The image with text redacted.

Configuration Reference

Use the following when you're configuring and deploying this extension for use in API proxies. For steps to configure an extension using the Apigee console, see Adding and configuring an extension.

Common extension properties

The following properties are present for every extension.

Property Description Default Required
name Name you're giving this configuration of the extension. None. Yes.
packageName Name of the extension package as given by Apigee Edge. None. Yes.
version Version number for the extension package from which you're configuring an extension. None. Yes.
configuration Configuration value specific to the extension you're adding. See Properties for this extension package None. Yes.

Properties for this extension package

Specify values for the following configuration properties specific to this extension.

Property Description Default Required
projectId The GCP project ID for which the Cloud Data Loss Prevention API is enabled.

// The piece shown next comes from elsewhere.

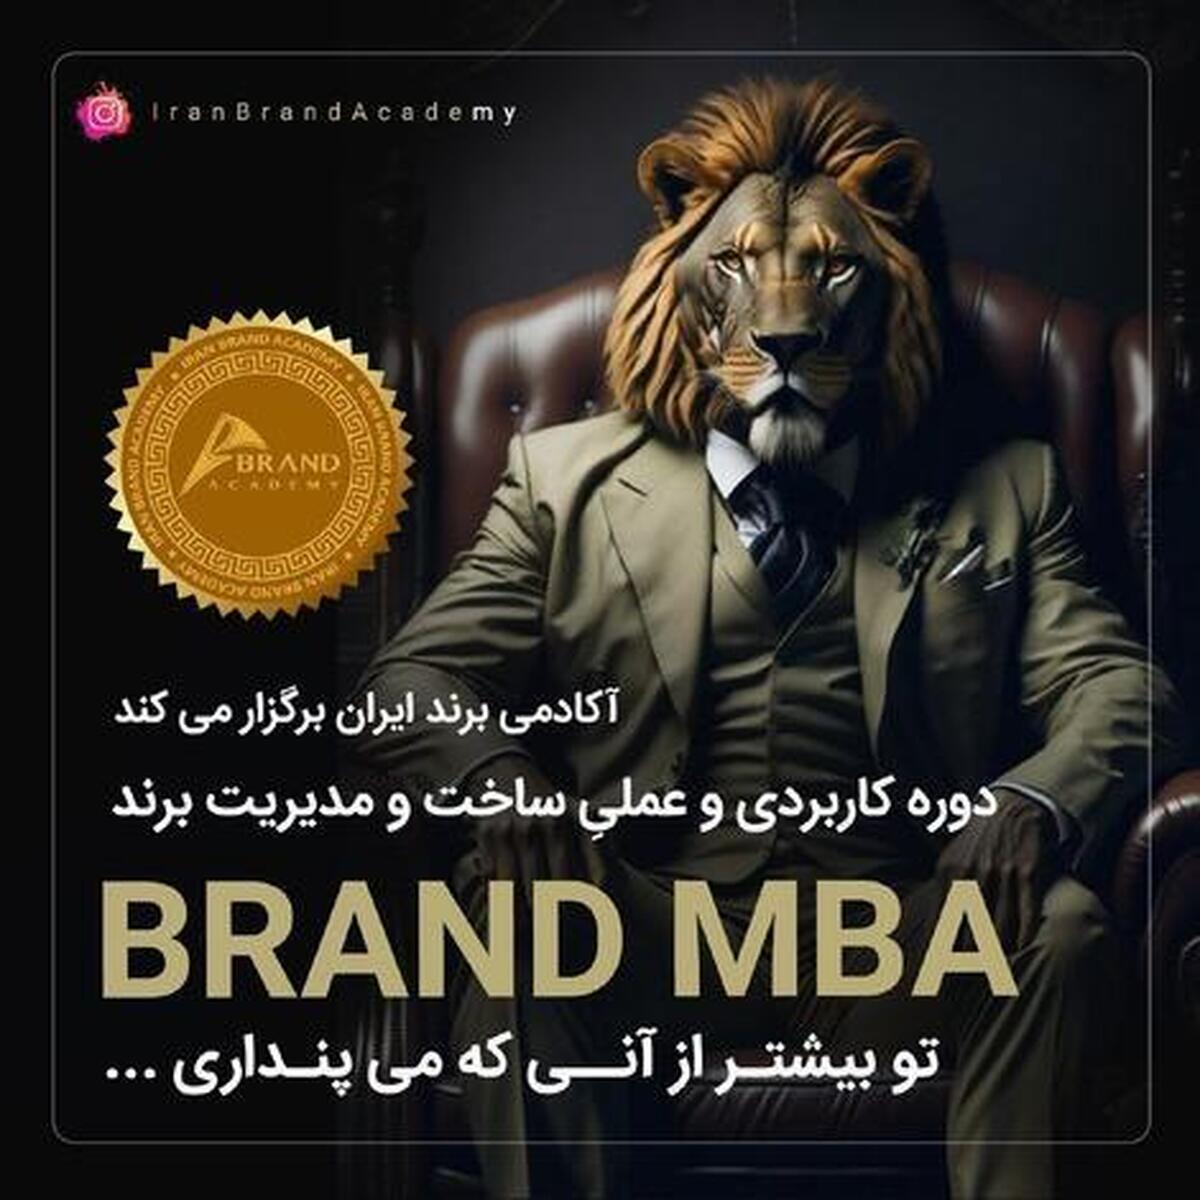 آغاز بیست و چهارمین دوره ساخت و مدیریت برند Brand MBA
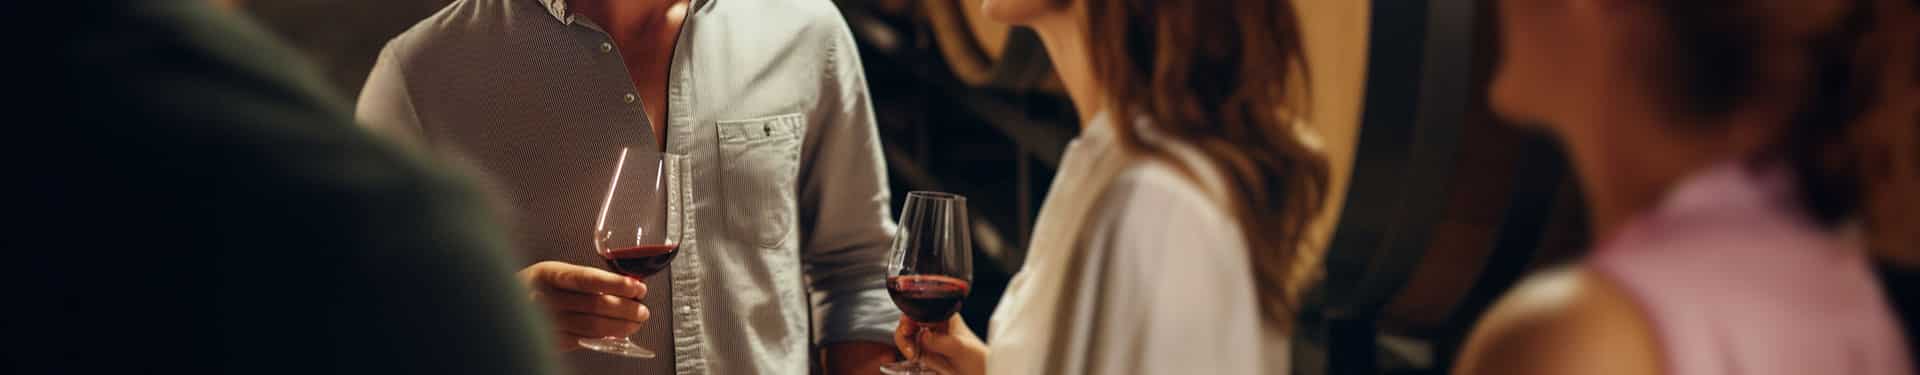 Un homme et une femme tenant des verres de vin rouge dans leur main.

None. Yes.
infoTypes Info types of the sensitive data. If omitted, the service will detect all built-in types. For a list of infoTypes supported by the Google Cloud DLP service, see InfoType Detector Reference. None. No.
credentials When entered in the Apigee Edge console, this is the contents of your service account key file. When sent via the management API, it is a base64-encoded value generated from the service account key file. None. Yes.